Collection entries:
• • • • • • •

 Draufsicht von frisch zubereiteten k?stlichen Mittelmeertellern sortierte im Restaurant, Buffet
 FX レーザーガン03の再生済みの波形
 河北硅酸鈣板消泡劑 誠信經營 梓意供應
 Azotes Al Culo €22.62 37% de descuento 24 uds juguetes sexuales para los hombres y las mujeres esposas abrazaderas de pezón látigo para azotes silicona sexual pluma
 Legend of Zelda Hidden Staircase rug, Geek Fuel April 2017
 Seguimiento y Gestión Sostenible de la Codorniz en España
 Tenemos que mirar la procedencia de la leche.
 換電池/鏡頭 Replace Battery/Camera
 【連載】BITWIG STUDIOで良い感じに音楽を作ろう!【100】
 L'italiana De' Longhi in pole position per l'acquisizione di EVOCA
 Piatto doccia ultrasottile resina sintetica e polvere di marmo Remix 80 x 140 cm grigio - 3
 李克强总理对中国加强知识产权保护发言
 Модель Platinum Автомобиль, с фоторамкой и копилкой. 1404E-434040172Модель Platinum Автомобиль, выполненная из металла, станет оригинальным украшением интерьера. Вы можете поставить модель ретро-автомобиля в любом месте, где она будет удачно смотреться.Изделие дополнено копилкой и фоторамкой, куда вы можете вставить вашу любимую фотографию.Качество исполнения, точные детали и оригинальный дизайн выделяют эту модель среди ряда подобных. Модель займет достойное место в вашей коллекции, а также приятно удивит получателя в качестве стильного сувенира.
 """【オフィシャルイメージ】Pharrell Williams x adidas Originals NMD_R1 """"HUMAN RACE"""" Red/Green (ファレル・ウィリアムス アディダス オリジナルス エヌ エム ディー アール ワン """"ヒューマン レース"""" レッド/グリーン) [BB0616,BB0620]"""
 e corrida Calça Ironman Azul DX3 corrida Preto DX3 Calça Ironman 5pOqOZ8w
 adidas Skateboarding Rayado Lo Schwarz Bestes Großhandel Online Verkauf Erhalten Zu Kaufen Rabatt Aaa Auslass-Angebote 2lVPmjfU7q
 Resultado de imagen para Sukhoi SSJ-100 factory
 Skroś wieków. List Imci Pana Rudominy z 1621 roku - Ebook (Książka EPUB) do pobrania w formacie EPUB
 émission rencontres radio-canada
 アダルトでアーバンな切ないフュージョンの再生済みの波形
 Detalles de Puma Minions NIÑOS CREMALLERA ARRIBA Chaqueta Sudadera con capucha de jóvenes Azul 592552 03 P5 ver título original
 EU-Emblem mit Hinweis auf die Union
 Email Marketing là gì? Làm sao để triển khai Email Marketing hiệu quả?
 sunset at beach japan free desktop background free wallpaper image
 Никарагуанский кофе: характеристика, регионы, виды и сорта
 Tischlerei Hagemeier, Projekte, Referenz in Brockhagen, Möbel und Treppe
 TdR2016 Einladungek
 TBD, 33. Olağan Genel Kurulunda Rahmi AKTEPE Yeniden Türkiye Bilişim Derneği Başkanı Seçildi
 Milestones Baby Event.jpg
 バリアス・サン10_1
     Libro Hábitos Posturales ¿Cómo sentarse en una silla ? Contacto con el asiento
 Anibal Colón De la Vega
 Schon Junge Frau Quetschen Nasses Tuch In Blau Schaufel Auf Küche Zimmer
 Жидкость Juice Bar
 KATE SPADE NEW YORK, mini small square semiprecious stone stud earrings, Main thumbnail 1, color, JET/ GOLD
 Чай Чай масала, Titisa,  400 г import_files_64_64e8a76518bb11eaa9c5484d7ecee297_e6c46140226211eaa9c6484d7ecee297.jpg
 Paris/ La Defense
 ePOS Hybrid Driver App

• • • • • • •

- Instructions to follow
Exactly what appears above must be set down again in full.

- Answer to this exercise
 Draufsicht von frisch zubereiteten k?stlichen Mittelmeertellern sortierte im Restaurant, Buffet
 FX レーザーガン03の再生済みの波形
 河北硅酸鈣板消泡劑 誠信經營 梓意供應
 Azotes Al Culo €22.62 37% de descuento 24 uds juguetes sexuales para los hombres y las mujeres esposas abrazaderas de pezón látigo para azotes silicona sexual pluma
 Legend of Zelda Hidden Staircase rug, Geek Fuel April 2017
 Seguimiento y Gestión Sostenible de la Codorniz en España
 Tenemos que mirar la procedencia de la leche.
 換電池/鏡頭 Replace Battery/Camera
 【連載】BITWIG STUDIOで良い感じに音楽を作ろう!【100】
 L'italiana De' Longhi in pole position per l'acquisizione di EVOCA
 Piatto doccia ultrasottile resina sintetica e polvere di marmo Remix 80 x 140 cm grigio - 3
 李克强总理对中国加强知识产权保护发言
 Модель Platinum Автомобиль, с фоторамкой и копилкой. 1404E-434040172Модель Platinum Автомобиль, выполненная из металла, станет оригинальным украшением интерьера. Вы можете поставить модель ретро-автомобиля в любом месте, где она будет удачно смотреться.Изделие дополнено копилкой и фоторамкой, куда вы можете вставить вашу любимую фотографию.Качество исполнения, точные детали и оригинальный дизайн выделяют эту модель среди ряда подобных. Модель займет достойное место в вашей коллекции, а также приятно удивит получателя в качестве стильного сувенира.
 """【オフィシャルイメージ】Pharrell Williams x adidas Originals NMD_R1 """"HUMAN RACE"""" Red/Green (ファレル・ウィリアムス アディダス オリジナルス エヌ エム ディー アール ワン """"ヒューマン レース"""" レッド/グリーン) [BB0616,BB0620]"""
 e corrida Calça Ironman Azul DX3 corrida Preto DX3 Calça Ironman 5pOqOZ8w
 adidas Skateboarding Rayado Lo Schwarz Bestes Großhandel Online Verkauf Erhalten Zu Kaufen Rabatt Aaa Auslass-Angebote 2lVPmjfU7q
 Resultado de imagen para Sukhoi SSJ-100 factory
 Skroś wieków. List Imci Pana Rudominy z 1621 roku - Ebook (Książka EPUB) do pobrania w formacie EPUB
 émission rencontres radio-canada
 アダルトでアーバンな切ないフュージョンの再生済みの波形
 Detalles de Puma Minions NIÑOS CREMALLERA ARRIBA Chaqueta Sudadera con capucha de jóvenes Azul 592552 03 P5 ver título original
 EU-Emblem mit Hinweis auf die Union
 Email Marketing là gì? Làm sao để triển khai Email Marketing hiệu quả?
 sunset at beach japan free desktop background free wallpaper image
 Никарагуанский кофе: характеристика, регионы, виды и сорта
 Tischlerei Hagemeier, Projekte, Referenz in Brockhagen, Möbel und Treppe
 TdR2016 Einladungek
 TBD, 33. Olağan Genel Kurulunda Rahmi AKTEPE Yeniden Türkiye Bilişim Derneği Başkanı Seçildi
 Milestones Baby Event.jpg
 バリアス・サン10_1
     Libro Hábitos Posturales ¿Cómo sentarse en una silla ? Contacto con el asiento
 Anibal Colón De la Vega
 Schon Junge Frau Quetschen Nasses Tuch In Blau Schaufel Auf Küche Zimmer
 Жидкость Juice Bar
 KATE SPADE NEW YORK, mini small square semiprecious stone stud earrings, Main thumbnail 1, color, JET/ GOLD
 Чай Чай масала, Titisa,  400 г import_files_64_64e8a76518bb11eaa9c5484d7ecee297_e6c46140226211eaa9c6484d7ecee297.jpg
 Paris/ La Defense
 ePOS Hybrid Driver App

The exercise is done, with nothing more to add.